Bhandaria (ভাণ্ডারিয়া) is an upazila of Pirojpur District in the Division of Barisal, Bangladesh.

==Geography==
Bhandaria is located at . It has 27,969 households and a total area of 163.56 km^{2}.

==Demographics==

Bhandaria Upazila mauza geocode map

According to the 2022 Bangladeshi census, Bhandaria Upazila had 41,365 households and a population of 163,654. 9.51% of the population were under 5 years of age. Bhandaria had a literacy rate (age 7 and over) of 84.51%: 85.01% for males and 84.04% for females, and a sex ratio of 95.36 males for every 100 females. 51,240 (31.31%) lived in urban areas.

According to the 2011 Census of Bangladesh, Bhandaria Upazila had 34,338 households and a population of 148,159. 34,318 (23.16%) were under 10 years of age. Bhandaria has a literacy rate (age 7 and over) of 67.7%, compared to the national average of 51.8%, and a sex ratio of 1050 females per 1000 males. 25,260 (17.05%) lived in urban areas.

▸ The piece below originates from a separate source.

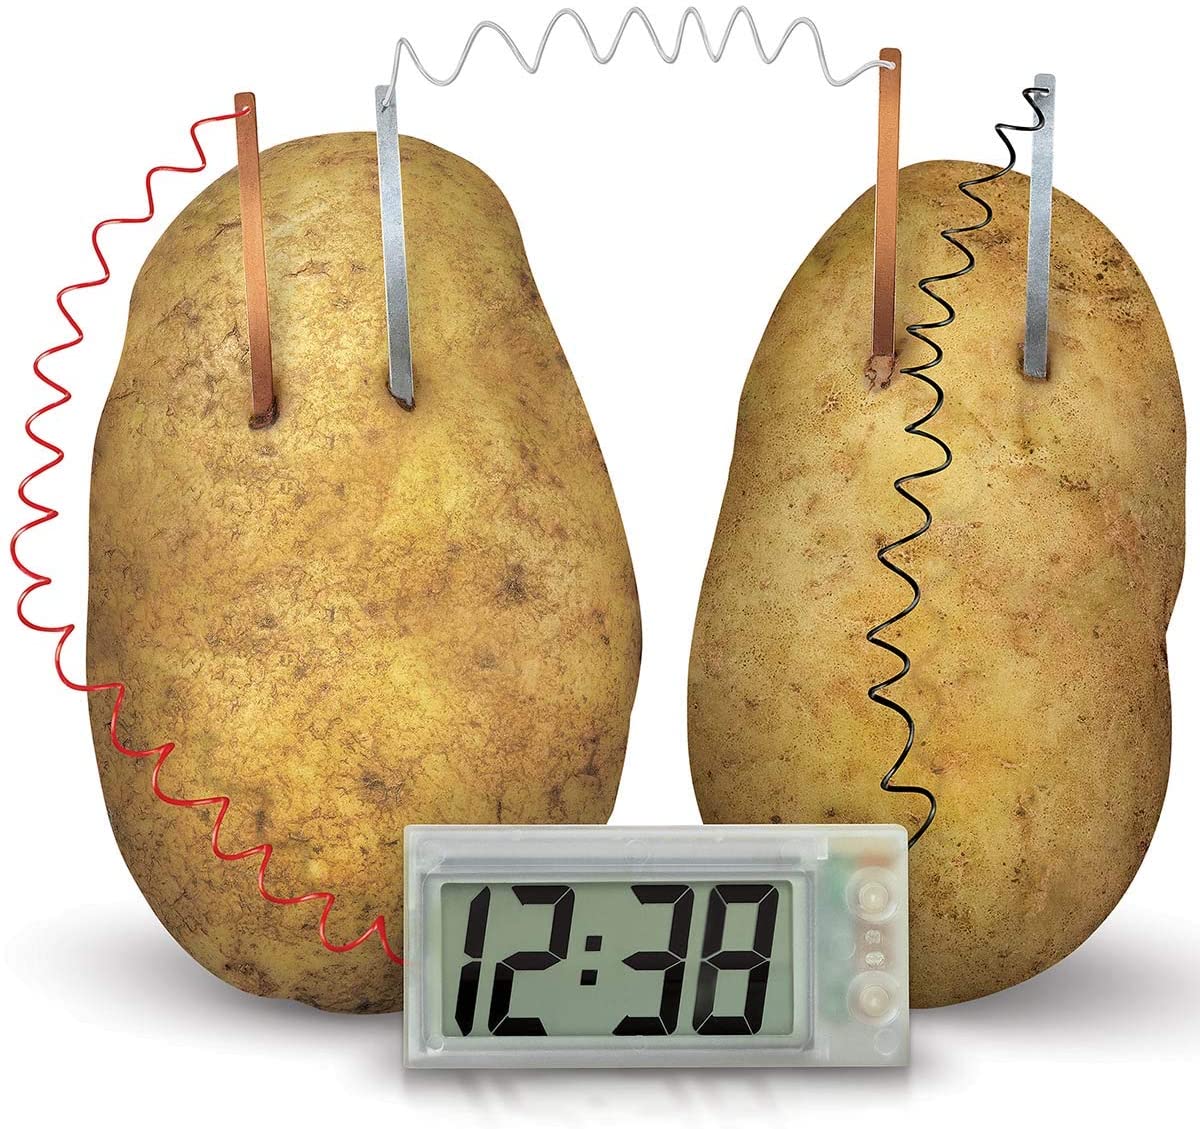 Potato Clock Science Set

According to the 1991 Bangladesh census, Bhandaria had a population of 145,233. Males constituted 50.34% of the population, and females 49.66%. The population aged 18 or over was 74,509. Bhandaria had an average literacy rate of 51.9% (7+ years), compared to the national average of 32.4%.

==Administration==
UNO: Md. Easin Arafat Rana.

Bhandaria Upazila is divided into seven union parishads: Bhandaria, Bhitabaria, Dhaoa, Gouripur, Ikri, Nudmulla, and Telikhali. The union parishads are subdivided into 37 mauzas and 45 villages.